On the City Council’s Tuesday agenda is an item to authorize the purchase of body cameras for Alameda’s police force. Given the recent attention around excessive use of force by police officers around the country, the movement toward more accountability is a positive step. Recently, Alameda settled a case of excessive police force and in that case the officer was wearing a body camera (not purchased by the police department but the video was submitted into evidence).
While the existence of body cameras alone will not magically eliminate excessive force cases automatically in the world, what it does is ensure that there is some record of an interaction that may be in dispute.

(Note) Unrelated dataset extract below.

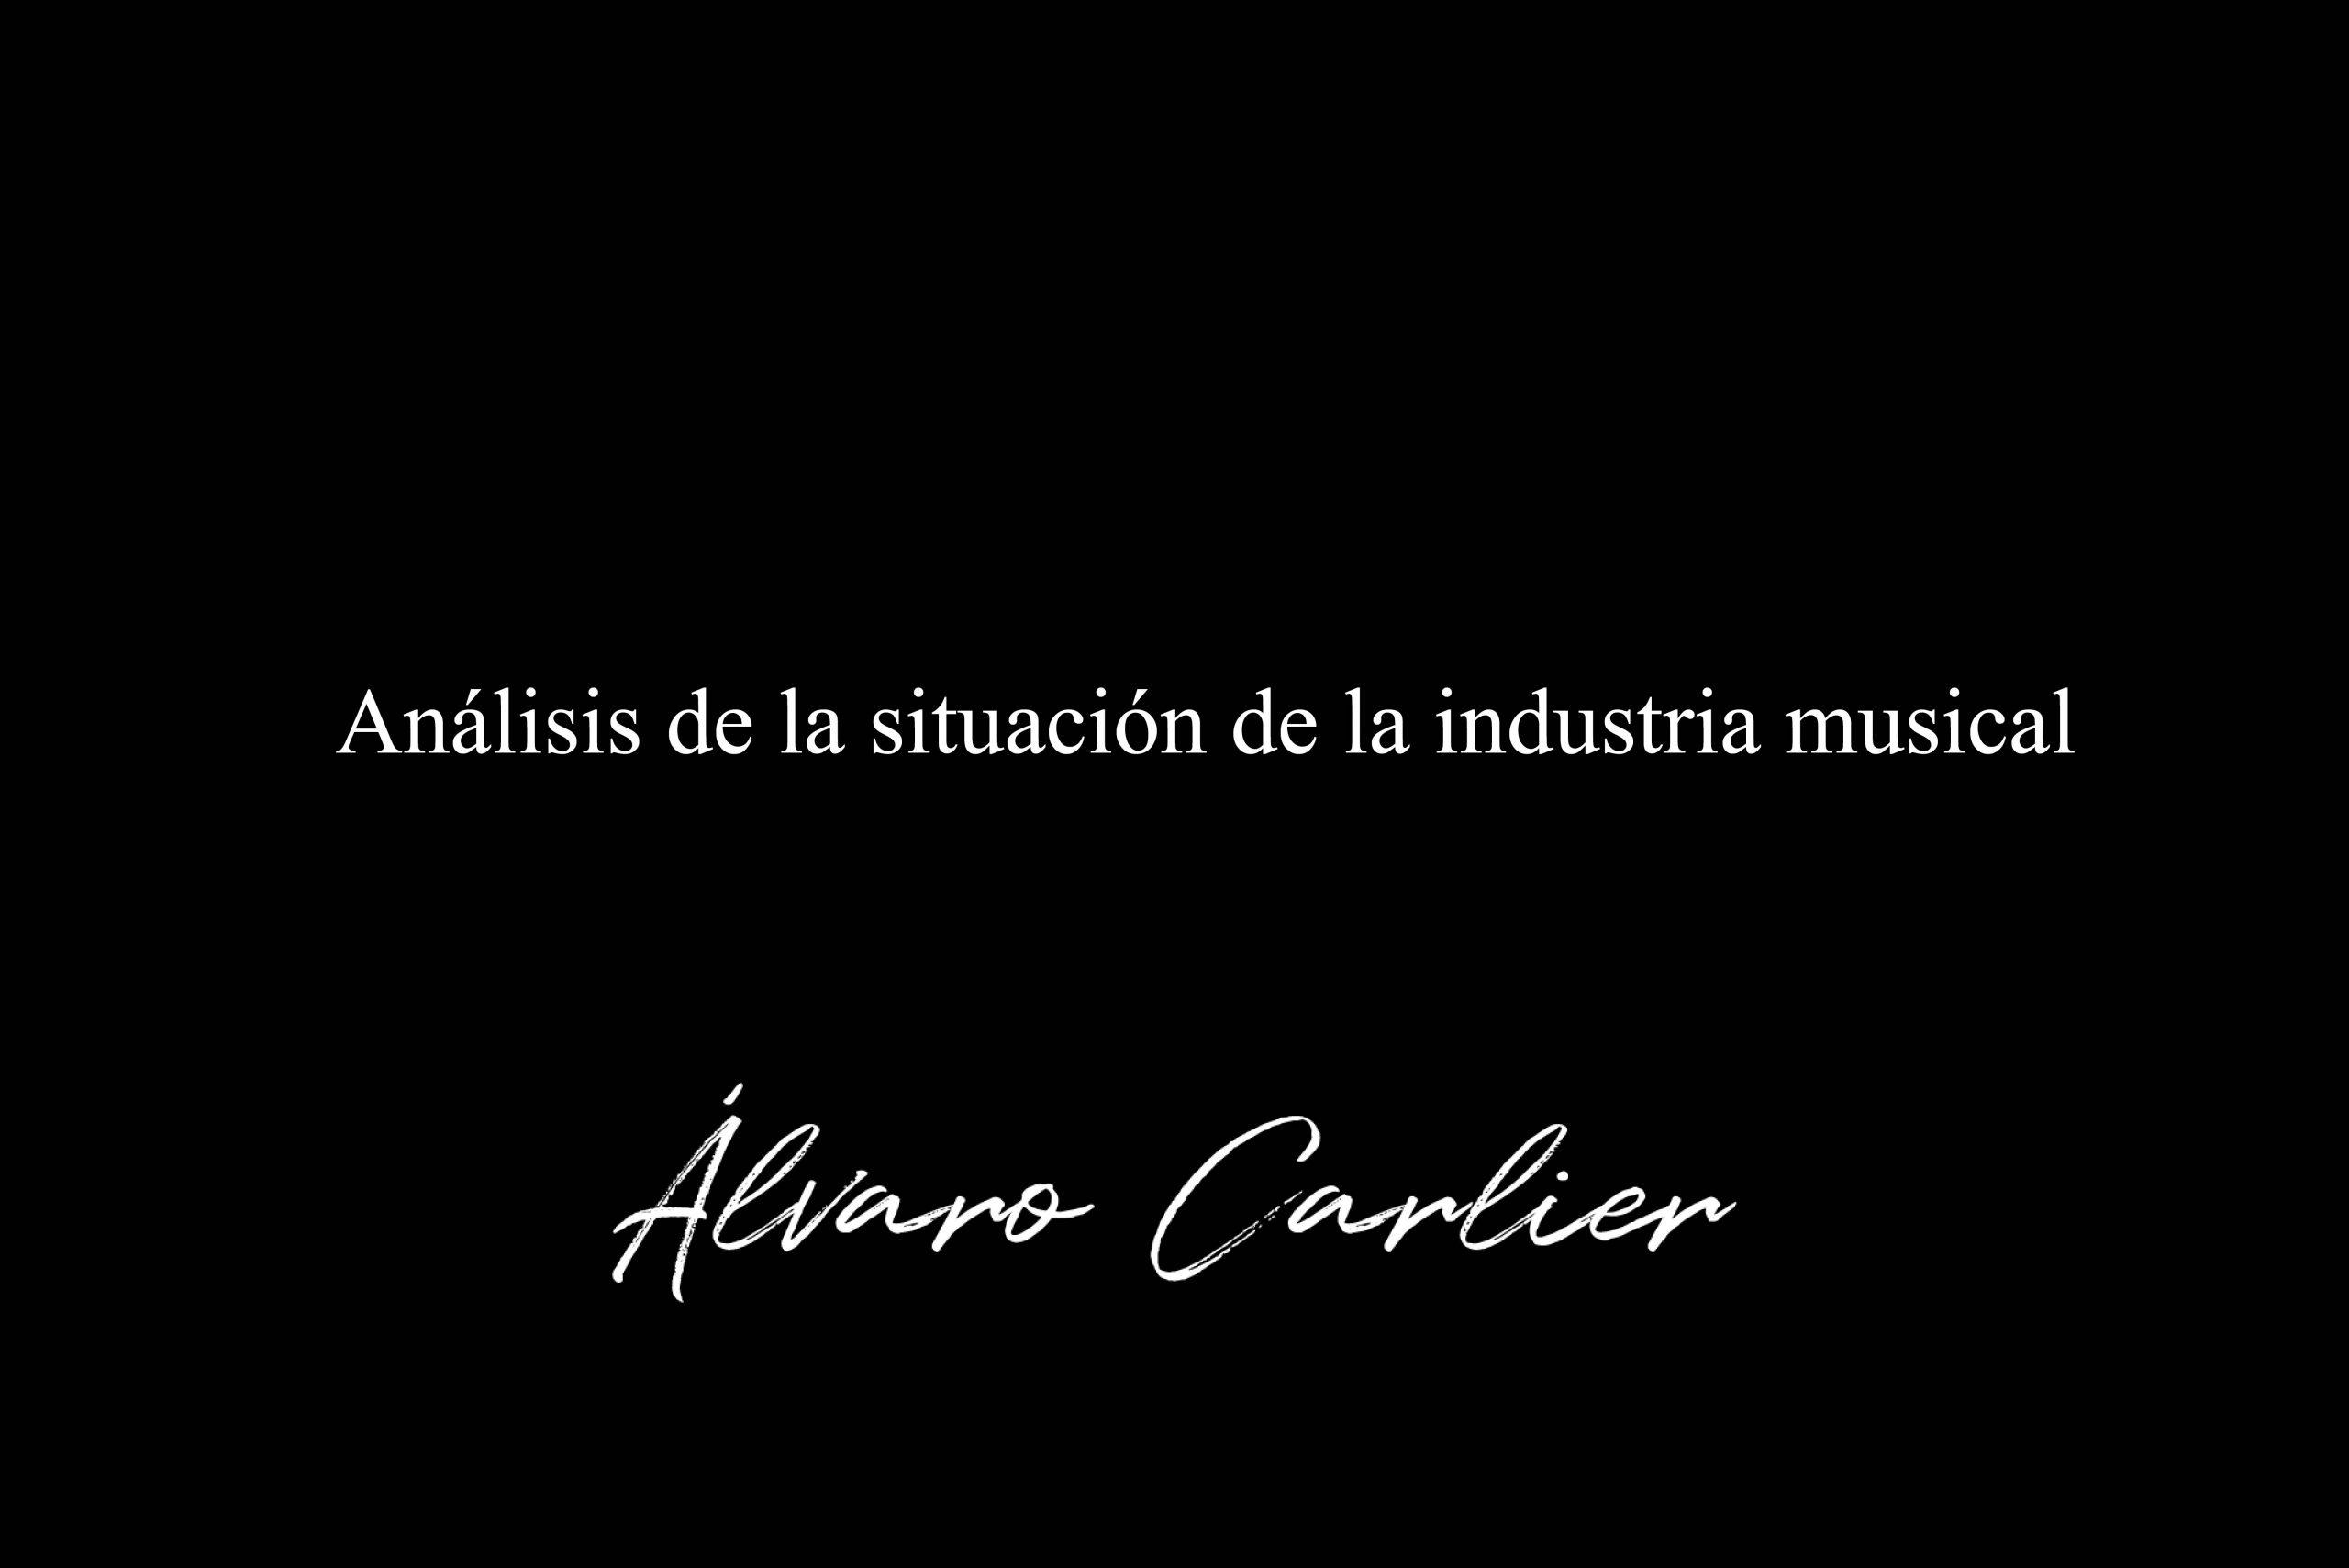 Análisis de la situación de la industria musical

Conveniently, NPR just ran a story about Taser, the company that the City of Alameda is looking to source the body cameras from, although this particular story was about cloud based storage for the data collected from the body cameras. From NPR:
But in the long run, the real money is in selling police a way to store all that video.
And Taser says it has a solution: At the end of the day, an officer unclips the body camera from his uniform and plugs it into a dock. From there, those videos are uploaded straight to Taser’s cloud service, called Evidence.com.

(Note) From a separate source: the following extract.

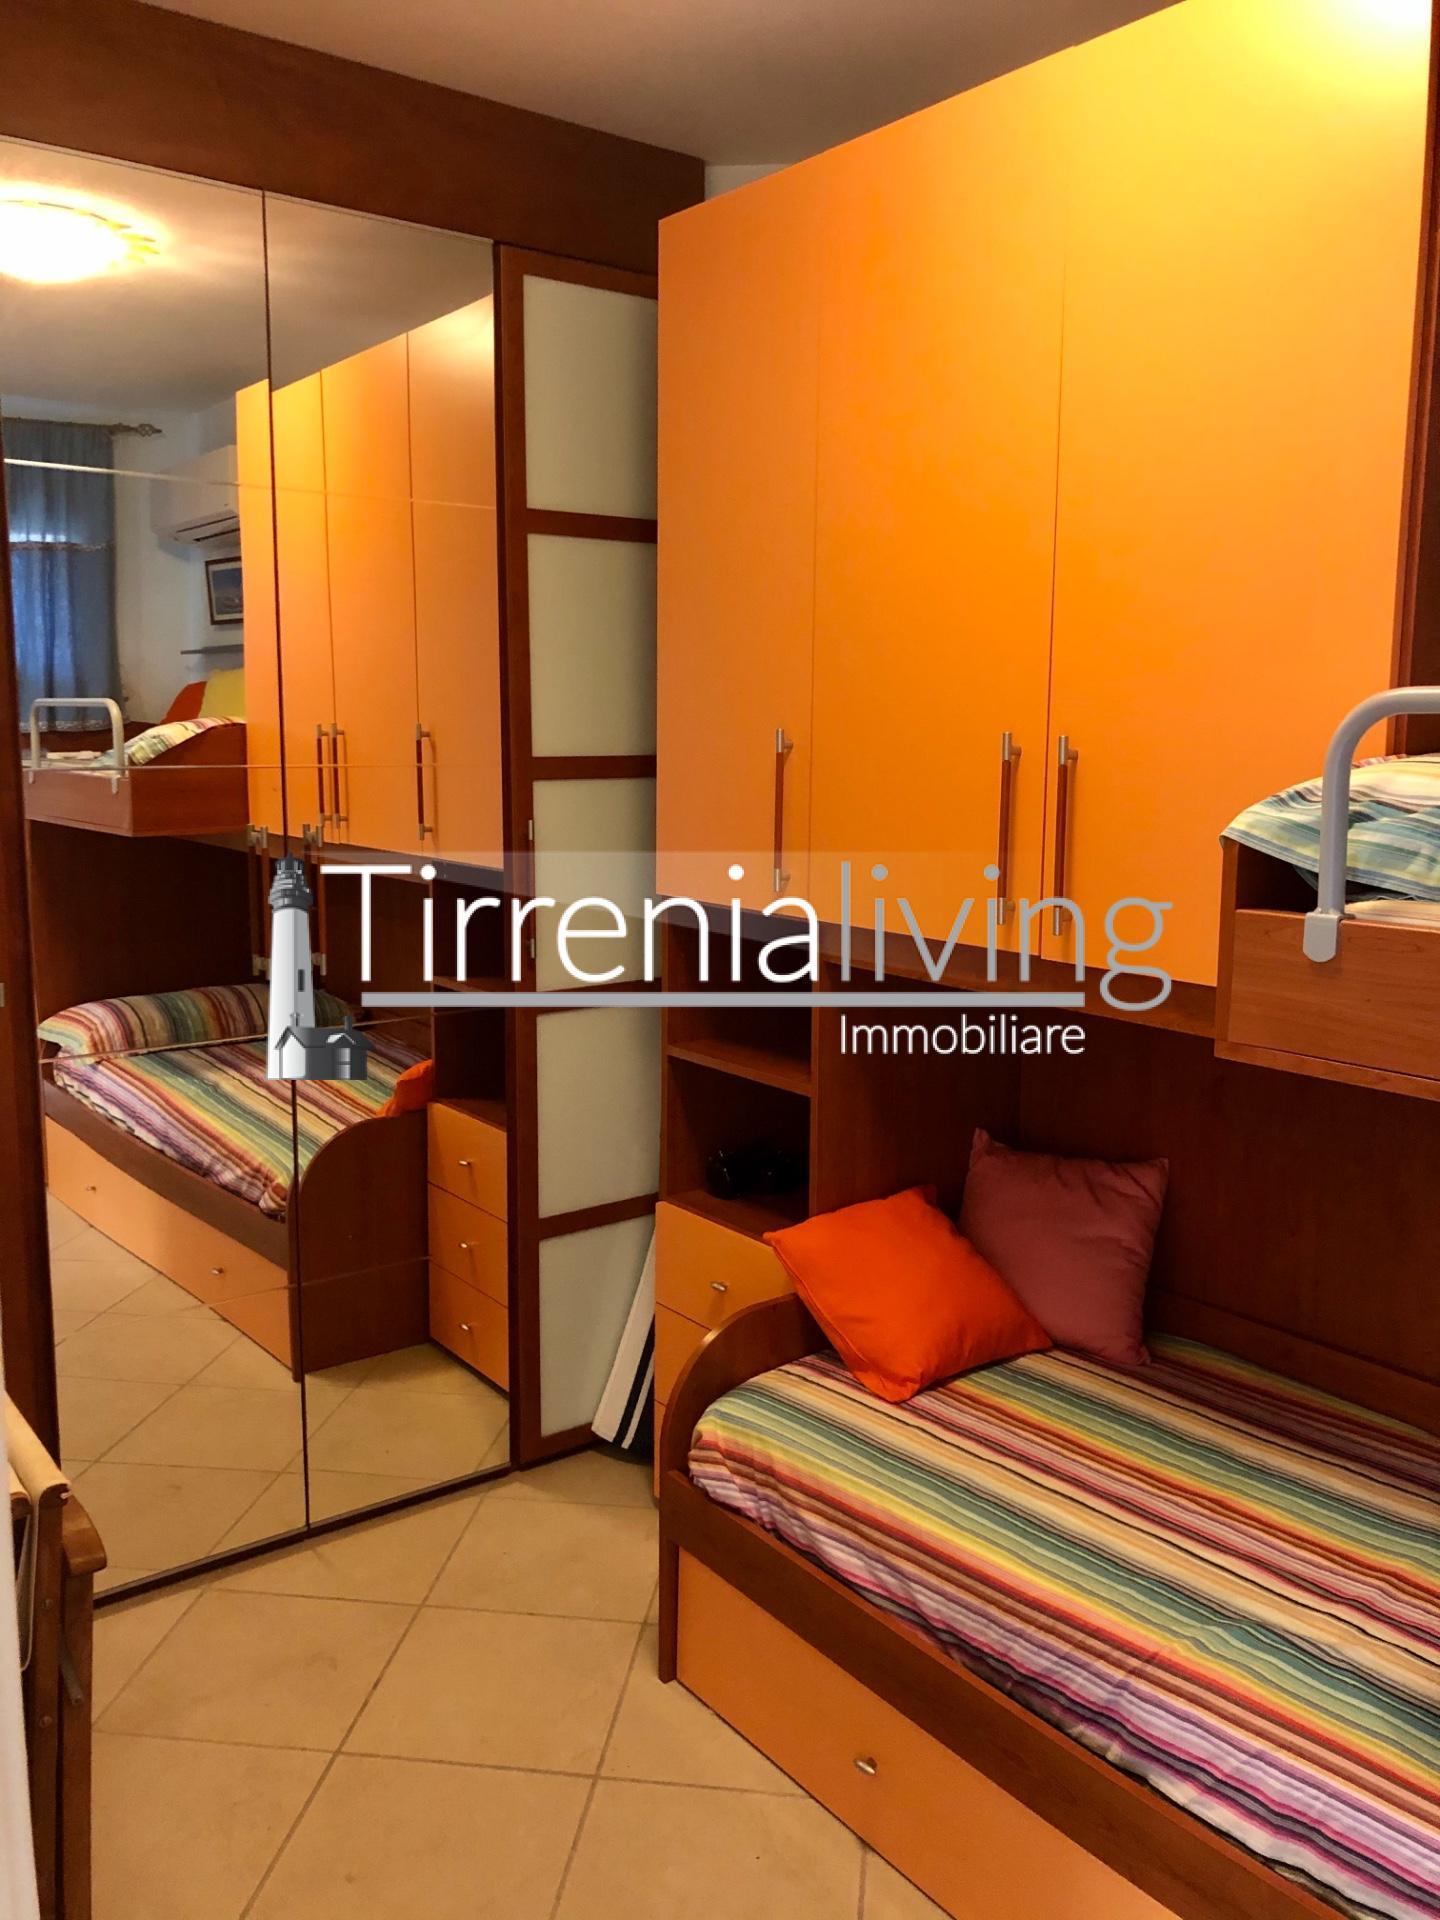 Appartamento in vendita, rif. T-366

Traditionally, police departments have saved their videos to CDs, which get locked in an evidence room. But there’s so much police video now — body cams, dash cams, cameras in interview rooms.
The piece also mentions that Taser has been criticized for hiring former police chiefs in the past, but has now instituted a “cooling off period.”
Staff is arguing that going with Taser and their cloud storage system will reduce the need to have in house tech staff to manage the technology needs it would require to store the video in house, which makes sense because there was discussion at the budget meetings that the IT department is seriously understaffed and overworked.
Here’s the cost breakdown for the 80 cameras and the annual subscription fee for the cloud storage:
The total purchase price for this five year contract is $424,753. The Police Department will finance this purchase through TASER at zero percent interest for five years.
The first year’s disbursement of 173,329 will complete the acquisition of 80 cameras and will also encompass the annual fees for storing the Body-Camera data.
An annual fee of 62,856 for media storage will be disbursed in each of the subsequent four years of the Agreement. The total cost of this purchase by year is illustrated in the table below:
Equipment and media storage (tax and shipping included)
Equipment and media storage
The project will be funded with a combination of State COPs grant and departmental savings in the General Fund. Grant funding will cover the acquisition of the equipment of $110,473 in the first year. The remaining funds necessary to cover the entire cost of this purchase will be disbursed by transferring $314,280 in FY 14-15 departmental savings from the General Fund to the Equipment Replacement Fund. Although the full amount is available to cover the cost of the project, the City will be disbursing the payments to the vendor annually for the next five years as there is zero financing cost to the City.